Витус не успел ничего ответить, потому что в этот миг подводу сильно тряхнуло, и она остановилась.
— Это еще что такое? — Магистр вздрогнул и посмотрел вперед, на пыльную дорогу. Новые бериллы позволили ему четко разглядеть причину остановки. Перед повозкой стоял высокий костлявый человек в поношенной монашеской рясе. За его спиной ровными рядами попарно застыли еще десятка три мужчин в таких же одеяниях. Костлявый поднял руку и произнес:
— Извини, крестьянин, что задерживаем тебя, но не найдется ли у тебя для нас еды на дорогу? Господь всемогущий, пославший нас, воздаст тебе.
— Кто ты? — испуганно выдавил Эдуардо.
— Не бойся, сын мой. Как твое имя?
— Э… Эдуардо.
— Меня зовут Арнульф фон Хоэ, однако происхождение не имеет к делу никакого отношения. Я отзываюсь просто на имя Арнульф. — Он показал рукой на своих спутников. — Это мои единоверцы, братья во Христе, выбравшие меня цугмейстером, главой нашей процессии. Мы отправились в путь, чтобы предупредить Божьих детей о следующем нашествии чумы. В народе нас называют хлыстами. Так найдется у тебя для нас немного еды?
Эдуардо быстро перекрестился. Из всего обращения Арнульфа у него в голове застряло только одно страшное слово: «чума».
— Где… где? Ради всех святых и Пресвятой Девы Марии, где она началась?!

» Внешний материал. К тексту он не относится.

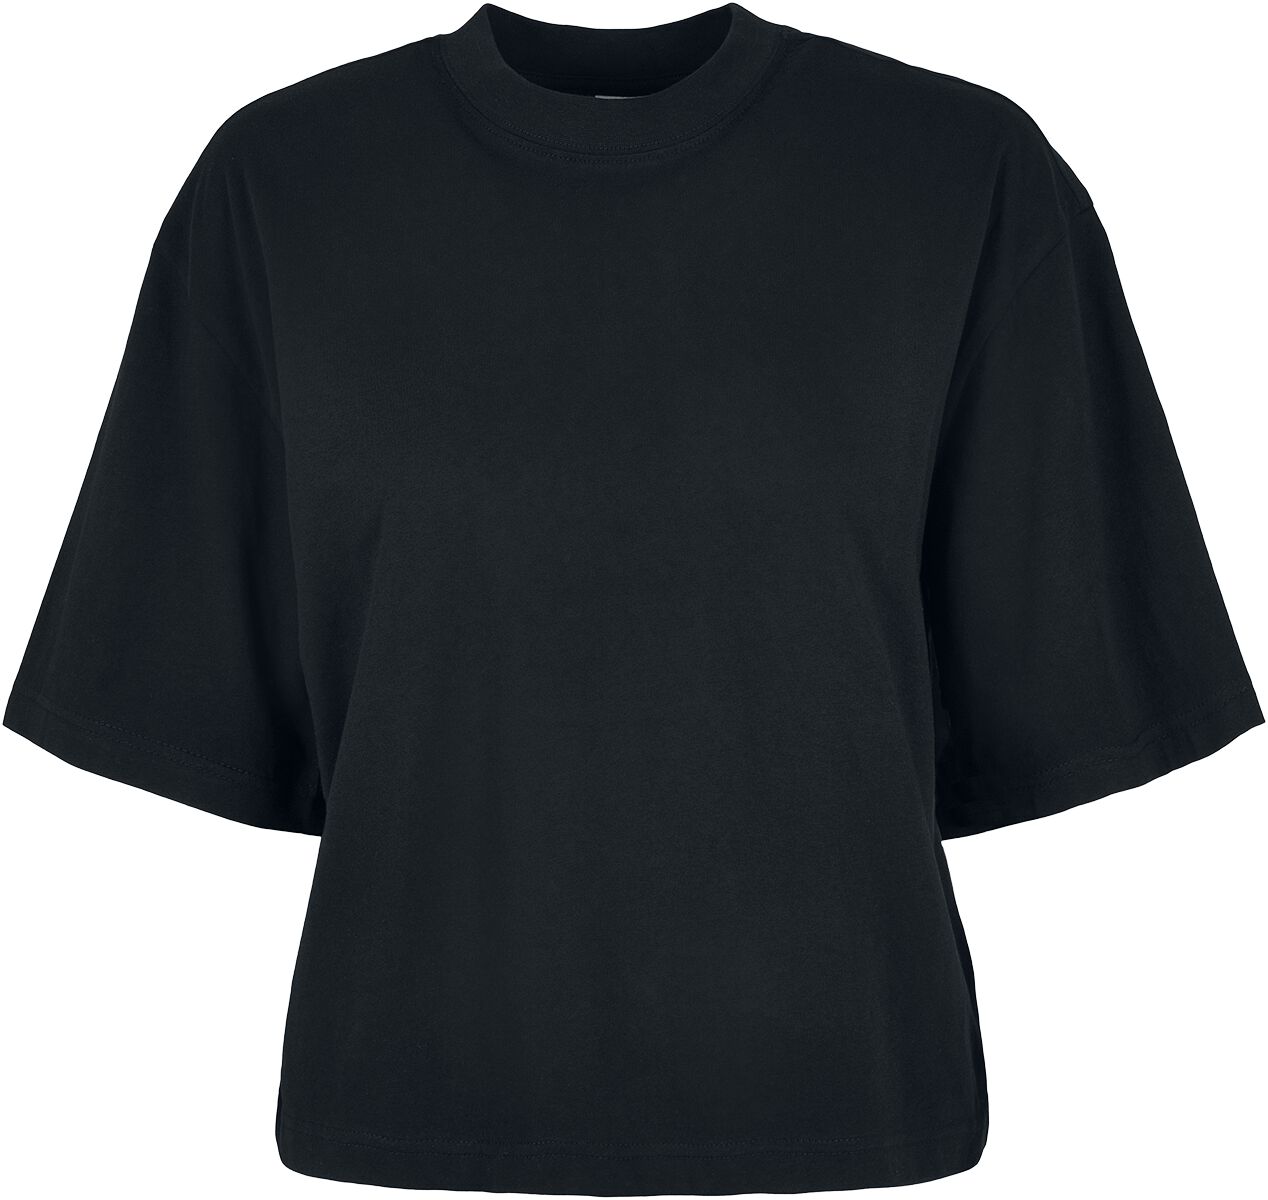 Image of T-Shirt di Urban Classics - XS a 5XL - Donna - nero

— Успокойся, пока нигде. Но мне недавно приснился сон, в котором наш Спаситель явился мне и возвестил, что люди слишком много грешат и он хочет покарать их новой эпидемией. Я спросил Его: «Учитель, что я могу сделать, чтобы отвратить от грешников страдания?» И он мне ответил: «Ступай, собери вокруг себя смелых и сильных духом, ходи с ними по стране и бери на себя всю вину, как когда-то Я взял ее на себя. Сделай себе бич из веревок, как когда-то сделал Я, и гони прочь чуму, как когда-то Я изгонял торговцев из храма. Бич же оставь себе и карай сам себя, чтобы Я не карал людей. Если же будешь поступать супротив Моих слов, в Ломбардии начнется страшный вой и скрежет зубовный». Я проснулся весь в поту от страха и сказал: «Да, Господи, так тому и быть. Да будет воля Твоя!» Ну, Эдуардо, найдется у тебя какая-нибудь еда для твоих братьев во Христе?

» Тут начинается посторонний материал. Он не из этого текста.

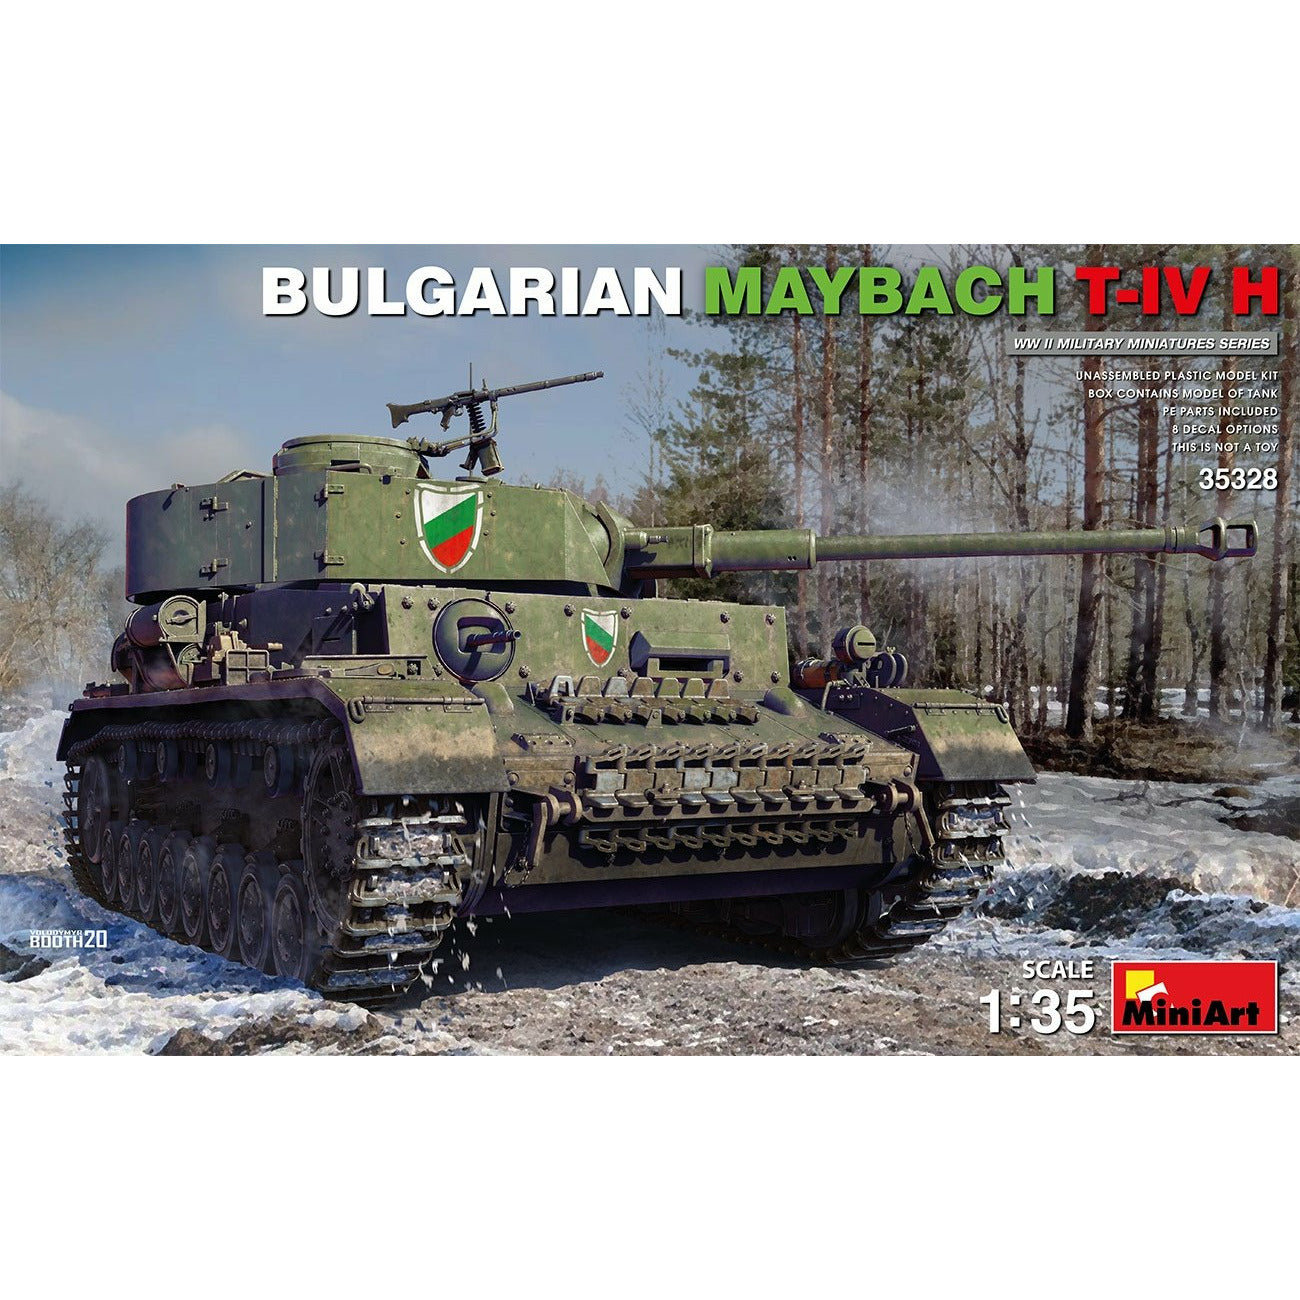 Bulgarian Maybach T-IV H 1/35 #35328 by MiniArt

Пока Арнульф говорил, несколько его товарищей обнажились до пояса и принялись бичевать себя. Проделывали они это крепкими палками, с которых свисали по три веревки с большими узлами. Из узлов торчали острые, как иглы, железные шипы. Инструменты были словно позаимствованы из пыточной камеры и должны были приносить адские муки. Тела мужчин сплошь состояли из синих вздутий и кровавых полос.
— Какая она… ужасная! — содрогнулся Эдуардо. Он снова осенил себя крестным знамением и начал лихорадочно шептать «Ave Maria», потом опомнился и спросил: — Где, э-э… учитель Арнульф? Где она разразится?
— Между Брешиа и Мантуей. Она захлестнет всю Ломбардию, потом двинется на восток, в нашу сторону, дойдет до Падуи и перекинется на Венецию. Весь мир задохнется в ее смрадном дыхании, если ее не остановят такие благочестивые борцы, как я и мои товарищи. Мы бичуем себя, чтобы сия чаша миновала тебя, Эдуардо!
Глаза Арнульфа теперь уже метали молнии, и он снова возопил:
— Мы бичуем себя, чтобы сия чаша миновала тебя, Эдуардо! Есть у тебя, наконец, пища для нас?!
Однако крестьянин все еще колебался.
— Я… я… — пролепетал он и замолк.
— Тогда бичуй себя сам, чтобы чума пощадила тебя и твоих близких! — Арнульф буквально воткнул в его руки палку. — Бей себя сам! Или мне за тебя это сделать?
— Ну, я… я мог бы отдать вам одного поросенка.
— Одного? Трех!
Эдуардо хотел уже что-то ответить, но кем-то произнесенное внятное «Нет!» опередило его. Это был Витус, которому все представление было уже поперек горла. Легко вспрыгнув на козлы возле трясущегося от страха крестьянина, он объявил:
— Одного поросенка будет вполне достаточно. В округе много других крестьян, у которых вы можете просить подаяние.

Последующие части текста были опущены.